Data extract:

★ ★ ★

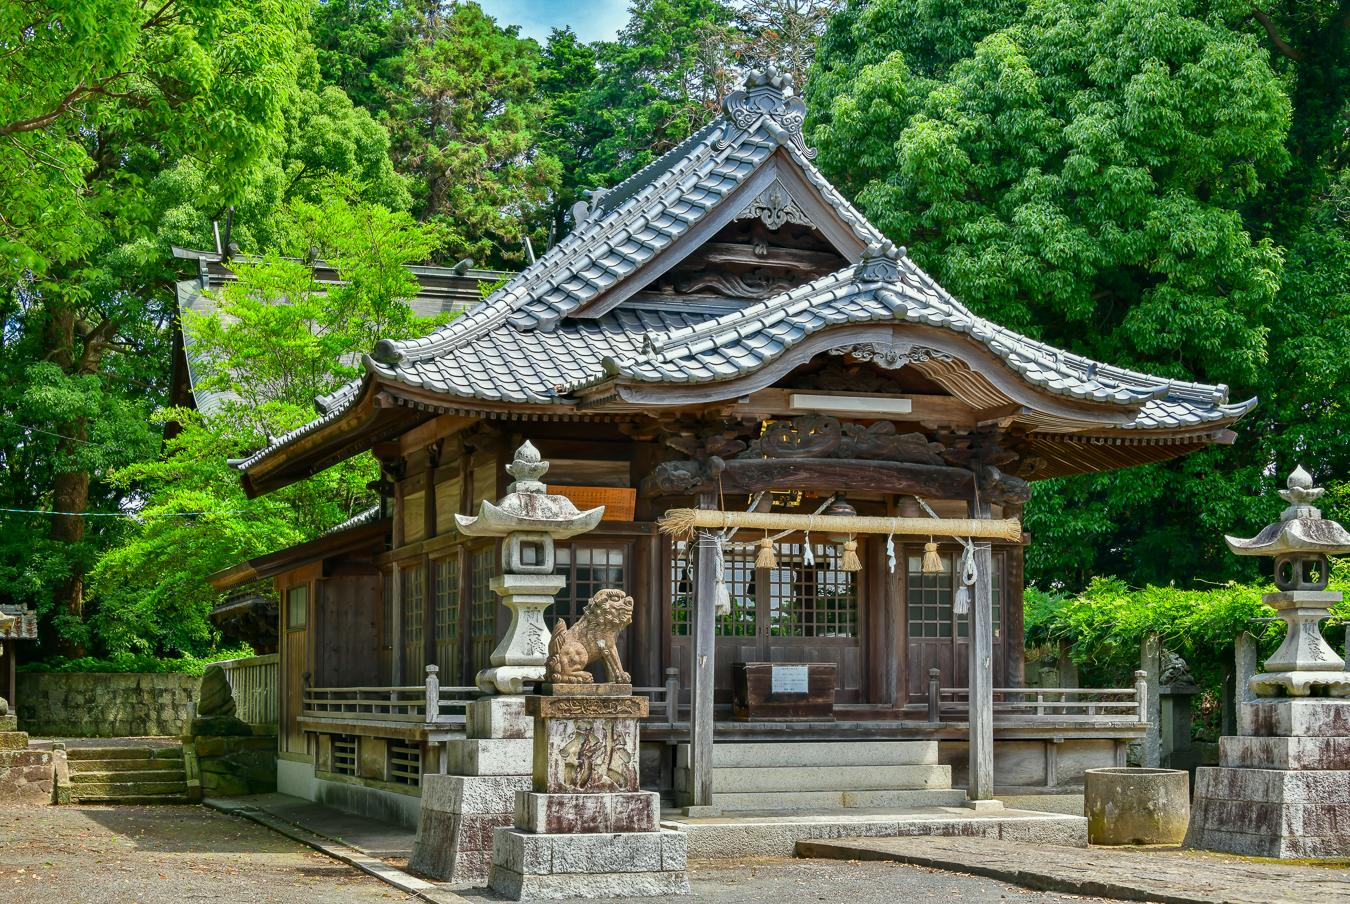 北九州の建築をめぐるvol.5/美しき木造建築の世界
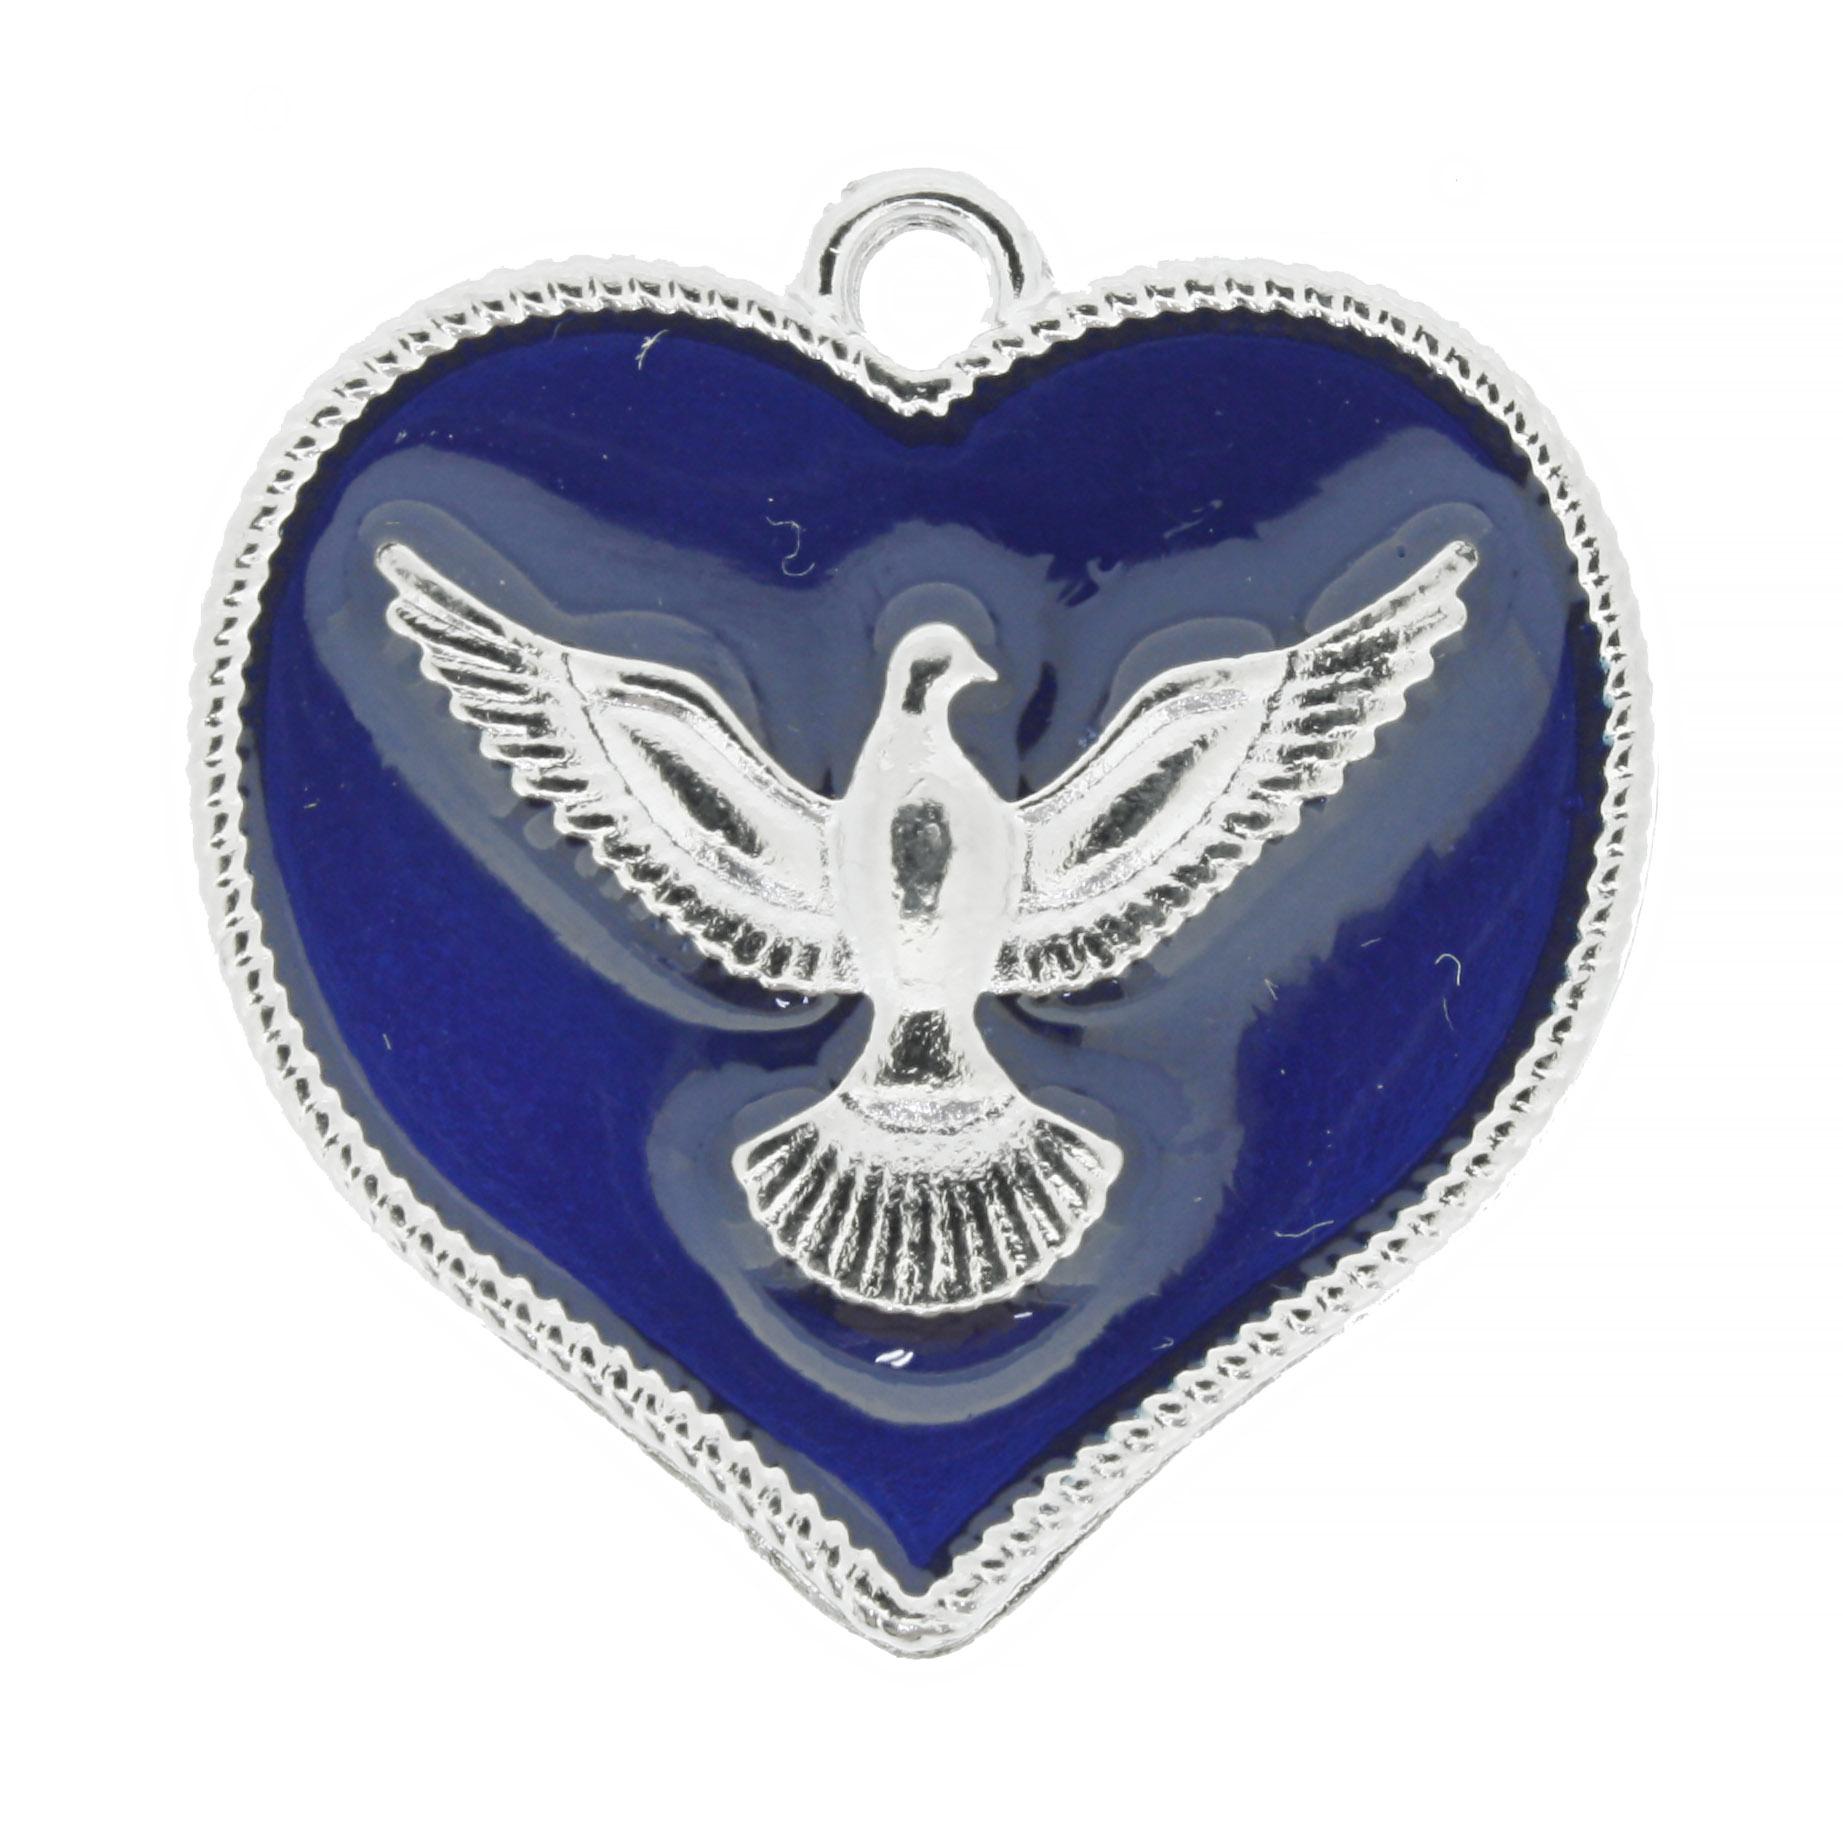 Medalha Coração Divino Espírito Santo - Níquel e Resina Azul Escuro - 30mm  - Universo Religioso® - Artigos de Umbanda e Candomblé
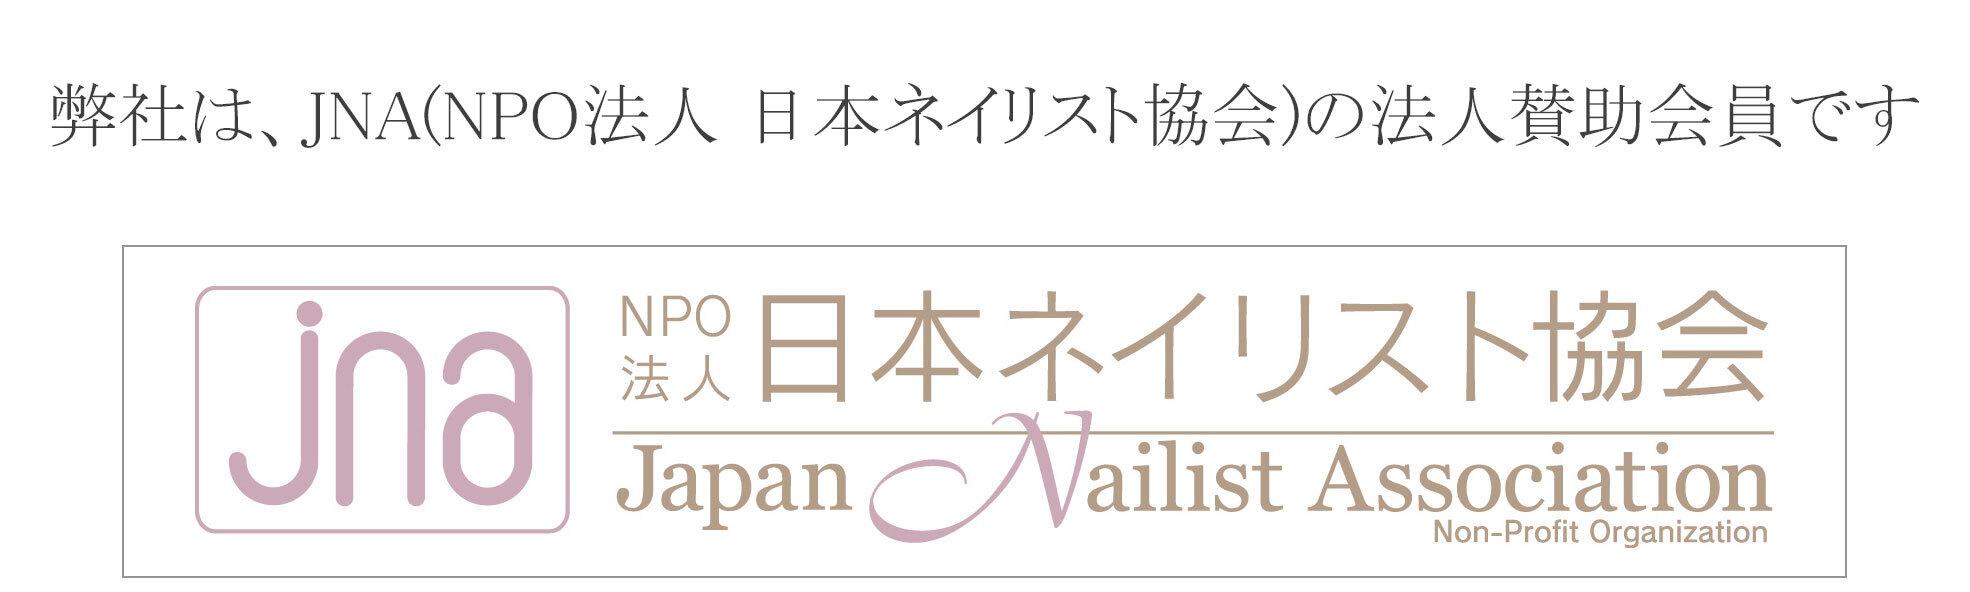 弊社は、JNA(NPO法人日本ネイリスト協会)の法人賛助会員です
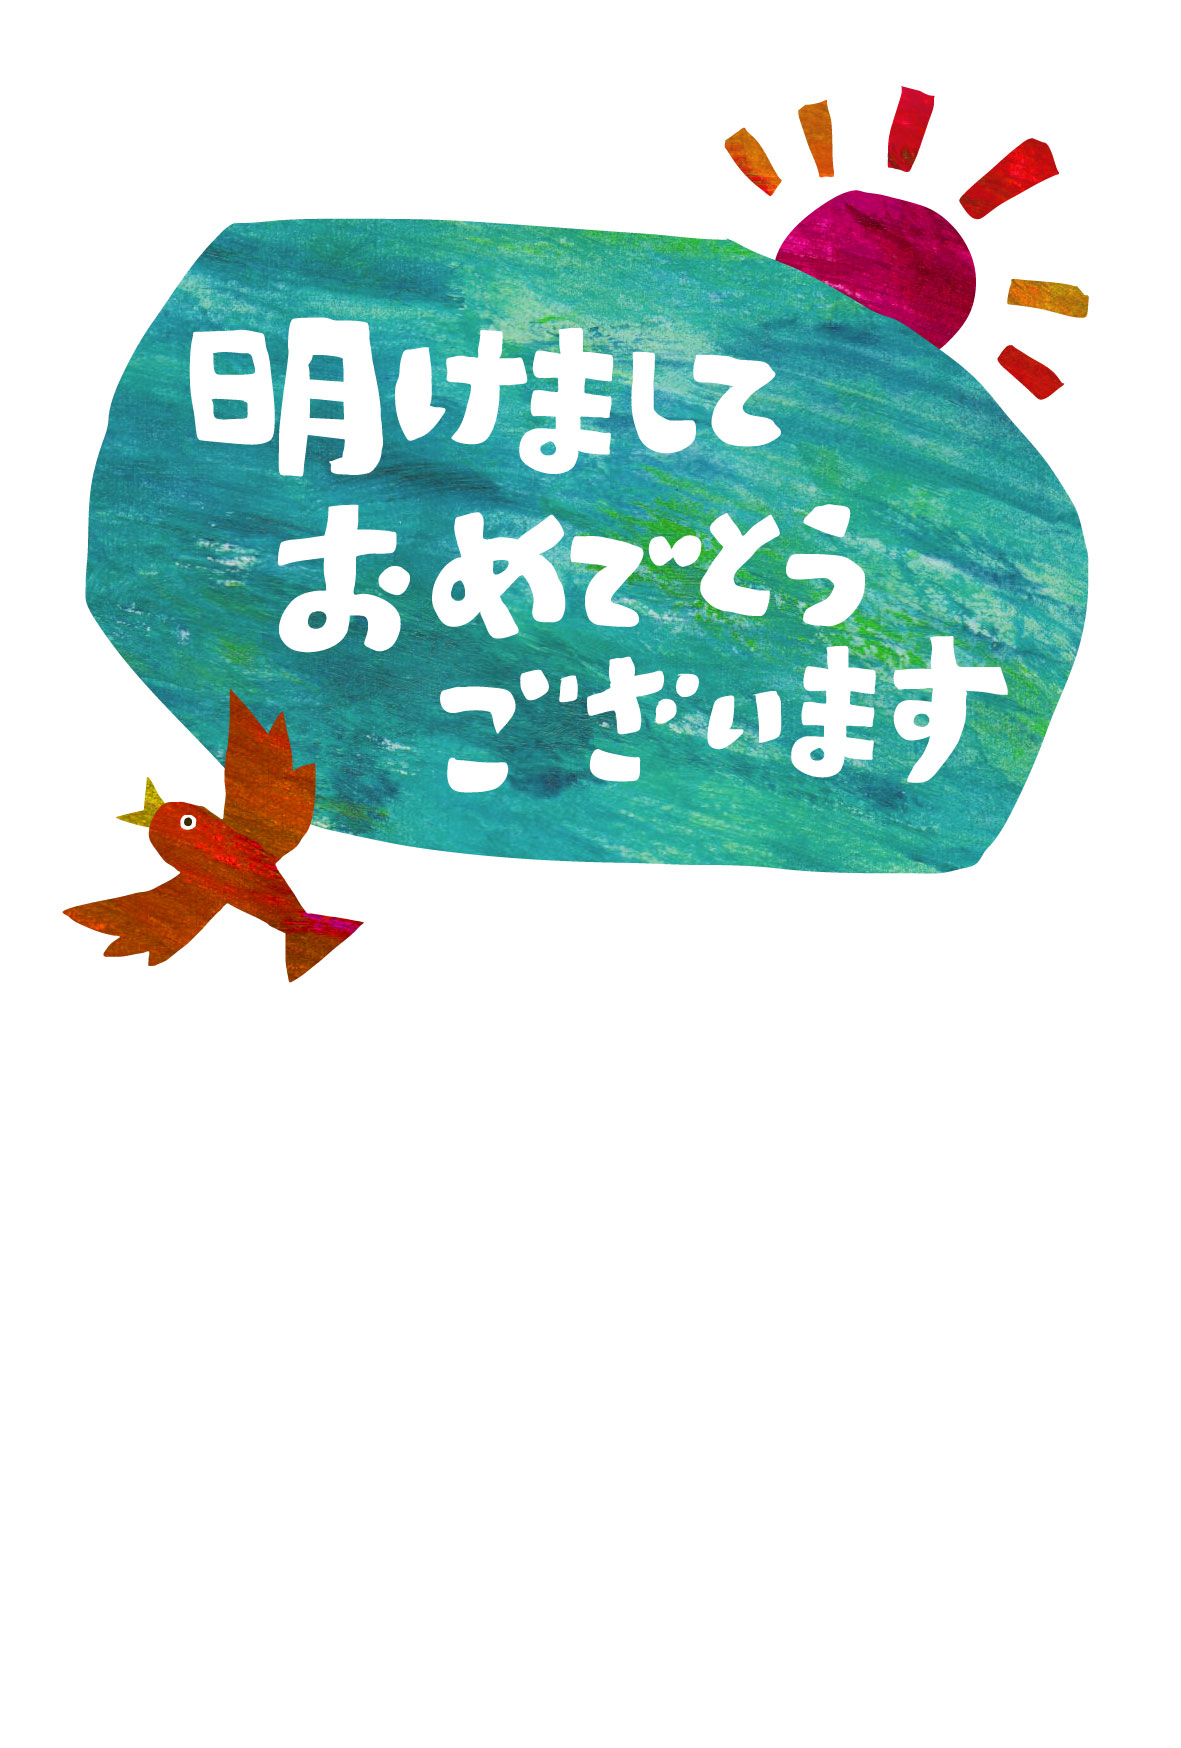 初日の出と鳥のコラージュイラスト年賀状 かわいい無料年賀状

★ ★ ★

About this exercise: Skip the pictures and copy exactly the lines from the one containing "弊社は、JNA(NPO法人日本ネイリスト協会)の法人賛助会員です" through the end of the material, both ends included.

Final answer:
 弊社は、JNA(NPO法人日本ネイリスト協会)の法人賛助会員です
 初日の出と鳥のコラージュイラスト年賀状 かわいい無料年賀状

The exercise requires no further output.